Насчет жратвы лысая голова деда варила четко. Поэтому и выжить сумел… Он протянул мне небольшой трехгранный напильник, насаженный на аккуратно выточенную березовую рукоятку. Такие напильники ценились как необходимый инструмент для изготовления ножей, зажигалок, мундштуков и прочих поделок, имеющих спрос в лагере.

- Бригадир за напильник по шее не даст? - высказал я опасение.

- Он неучтенный. С осени у меня лежит. Проси за него буханку хлеба и фунт пшена или ячки.

- Может, две буханки? - передразнил я Шишова. - И еще сала кусок!

- Ну, сколько дадут, - смирился дед. Он не хуже меня знал, что на пищеблоке народ избалованный, могут вообще послать куда подальше. И самое дрянное, о чем тоже хорошо знал дед Шишов: если на КПП устроят обыск и найдут напильник, суток пять изолятора мне обеспечено. Да еще Олейник морду набьет, чтобы не попадался. Успокаивало лишь, что нас, дизелистов, обыскивали редко. И, как правило, один и тот же охранник, ефрейтор-хохол из-под Харькова.

Сегодня на КПП дежурил другой охранник, добродушный казах, и я решил рискнуть. Очень уж хотелось жрать.

Дурацкую историю, переломившую жизнь деда Шишова, я собственными ушами не раз слыхал от него.
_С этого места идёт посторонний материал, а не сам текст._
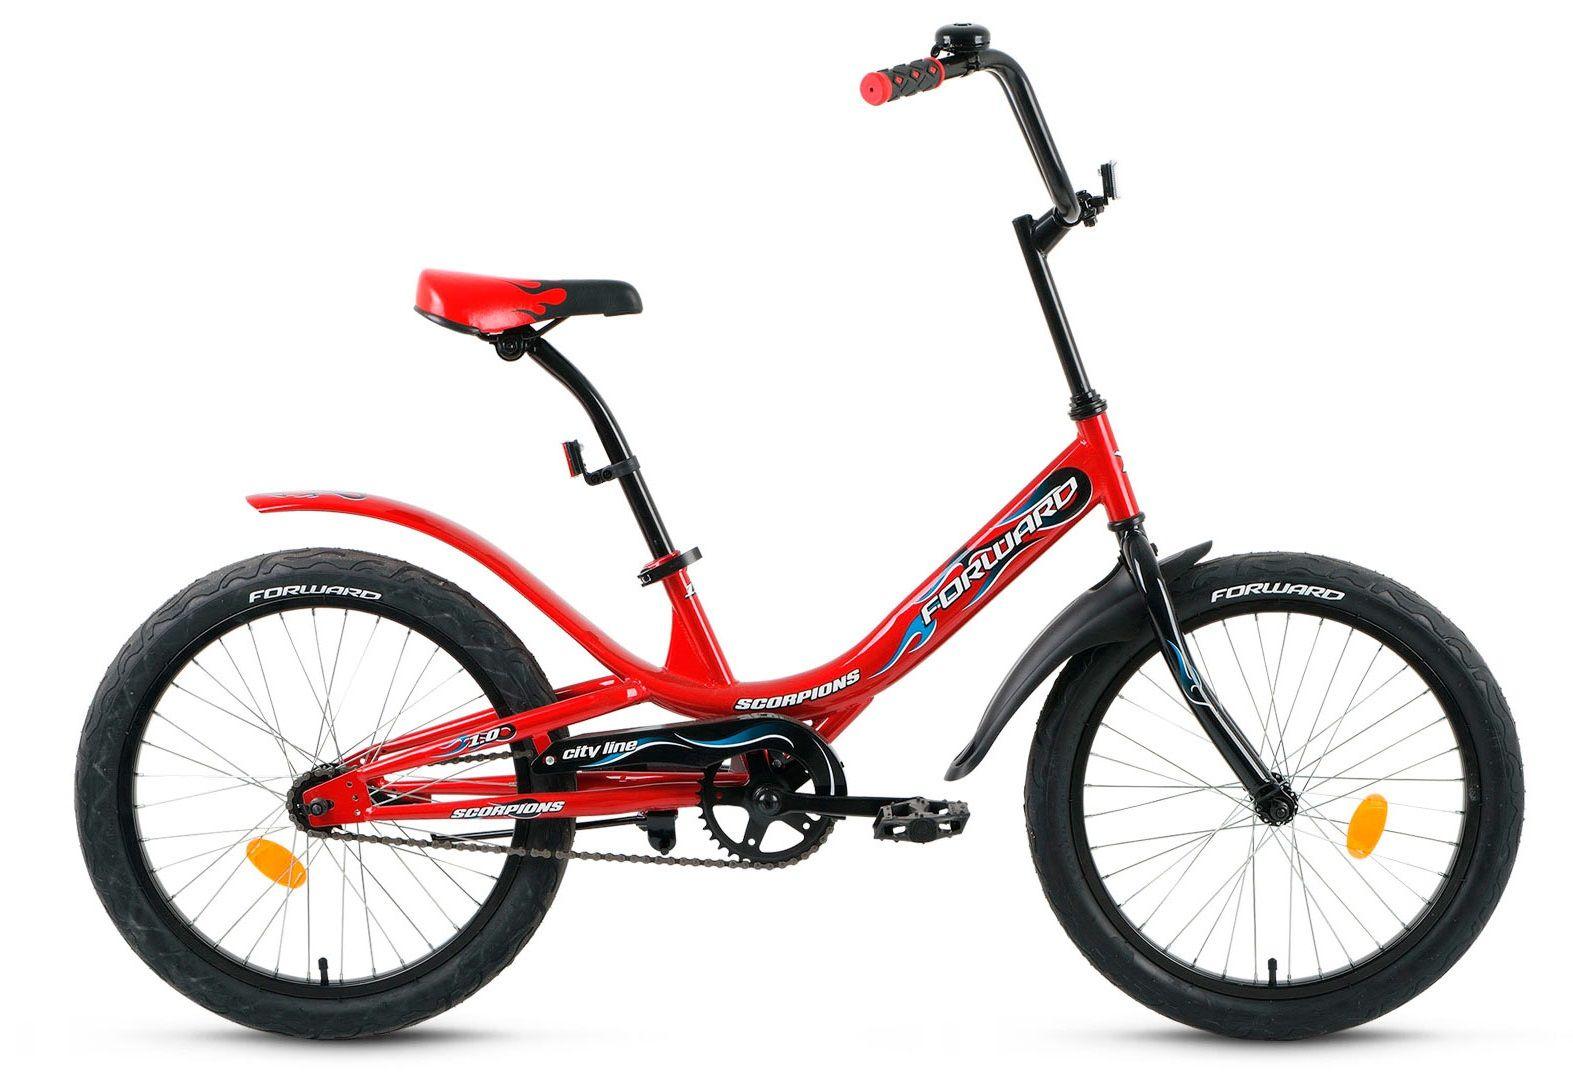 Велосипед Forward Scorpions 1.0 2018 citilux спот citilux винон cl519524 puxp z2q

Скотник колхоза "Светлый путь" Петр Анисимович Шишов попал в лагеря по собственной величайшей глупости. Однажды в сороковом году, будучи крепко выпивши, он поругался с бригадиром из-за делянки на покос сена. В принципе дело пустяковое, но задетый за живое Шишов выпил еще, и в голове у него замкнуло. Вспомнил давнюю обиду на колхозных активистов, когда-то заставивших его сдать в общественное стадо личную корову, которая от бескормицы и плохого ухода вскоре сдохла. Вспомнилось много других несправедливостей… И Шишов у сельсовета на площади устроил шумное одиночное выступление. Обругал матом бригадира, председателя колхоза, подробно перечислил их грехи, а потом принялся "громить" советскую власть. Войдя в раж, разорвал зубами бумажный червонец и пытался помочиться на памятник сельским коммунистам, убитым при раскулачивании крестьян в тридцатом году.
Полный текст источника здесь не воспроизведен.